Lee Seongsoo, Lee Kyu-Sun, Huh Sungun, Liu Song, Lee Do-Yeon, Hong Seung Hyun, Yu Kweon, Lu Bingwei
Department of Pathology, Stanford University School of Medicine, Stanford, CA 94305, USA.
BioNanotechnology Research Center, Korea Research Institute of Biotechnology and Bioscience, Daejeon, 305-806, Korea.
Dev Cell. 2016 Apr 18;37(2):174-189. doi: 10.1016/j.devcel.2016.03.023.
Mitochondria play central roles in buffering intracellular Ca²⁺ transients. While basal mitochondrial Ca²⁺ (Ca²⁺ mito) is needed to maintain organellar physiology, Ca²⁺ mito overload can lead to cell death. How Ca²⁺ mito homeostasis is regulated is not well understood. Here we show that Miro, a known component of the mitochondrial transport machinery, regulates Drosophila neural stem cell (NSC) development through Ca²⁺ mito homeostasis control, independent of its role in mitochondrial transport. Miro interacts with Ca²⁺ transporters at the ER-mitochondria contact site (ERMCS). Its inactivation causes Ca²⁺ mito depletion and metabolic impairment, whereas its overexpression results in Ca²⁺ mito overload, mitochondrial morphology change, and apoptotic response. Both conditions impaired NSC lineage progression. Ca²⁺ mito homeostasis is influenced by Polo-mediated phosphorylation of a conserved residue in Miro, which positively regulates Miro localization to, and the integrity of, ERMCS. Our results elucidate a regulatory mechanism underlying Ca²⁺ mito homeostasis and how its dysregulation may affect NSC metabolism/development and contribute to disease.
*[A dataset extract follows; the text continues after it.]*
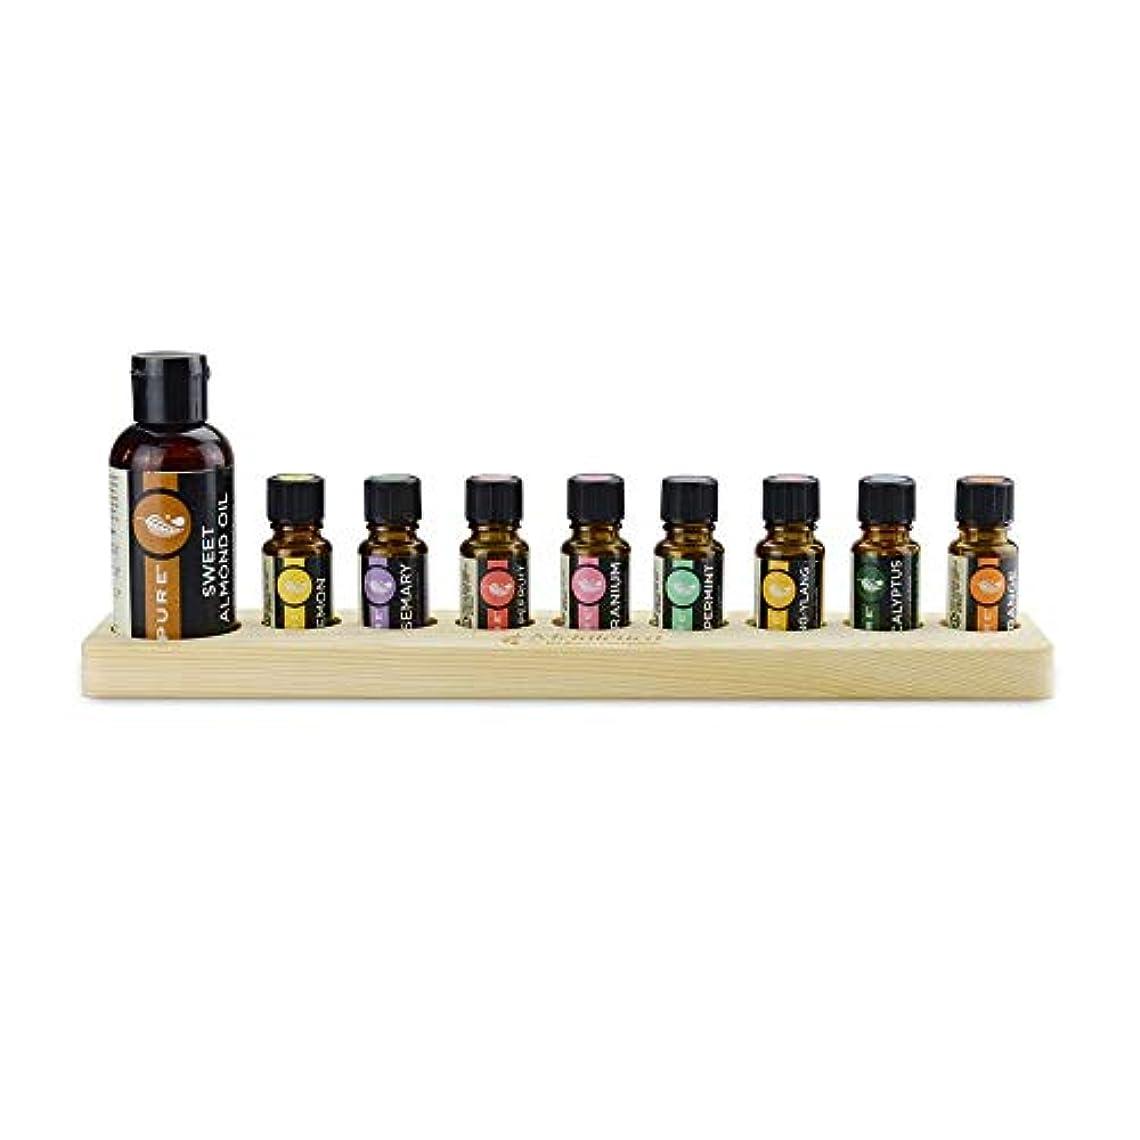 困惑するコイル振幅9スロット木製エッセンシャルオイルストレージホルダーは、9つの15ミリリットル油のボトルを保持します アロマセラピー製品 (色 : Natural, サイズ : Free size)

线粒体在缓冲细胞内钙离子瞬变中起核心作用。虽然基础线粒体钙离子(Ca²⁺mito)对于维持细胞器生理功能是必需的,但Ca²⁺mito过载会导致细胞死亡。目前对Ca²⁺mito稳态如何调节尚不清楚。在此,我们表明Miro是线粒体运输机制的一个已知组成部分,它通过控制Ca²⁺mito稳态来调节果蝇神经干细胞(NSC)的发育,这与其在线粒体运输中的作用无关。Miro在内质网-线粒体接触位点(ERMCS)与钙离子转运体相互作用。其失活会导致Ca²⁺mito耗竭和代谢受损,而其过表达则会导致Ca²⁺mito过载、线粒体形态改变和凋亡反应。这两种情况都会损害NSC谱系进展。Ca²⁺mito稳态受Polo介导的Miro中一个保守残基的磷酸化影响,该磷酸化正向调节Miro定位于ERMCS及其完整性。我们的结果阐明了Ca²⁺mito稳态的调控机制,以及其失调如何影响NSC代谢/发育并导致疾病。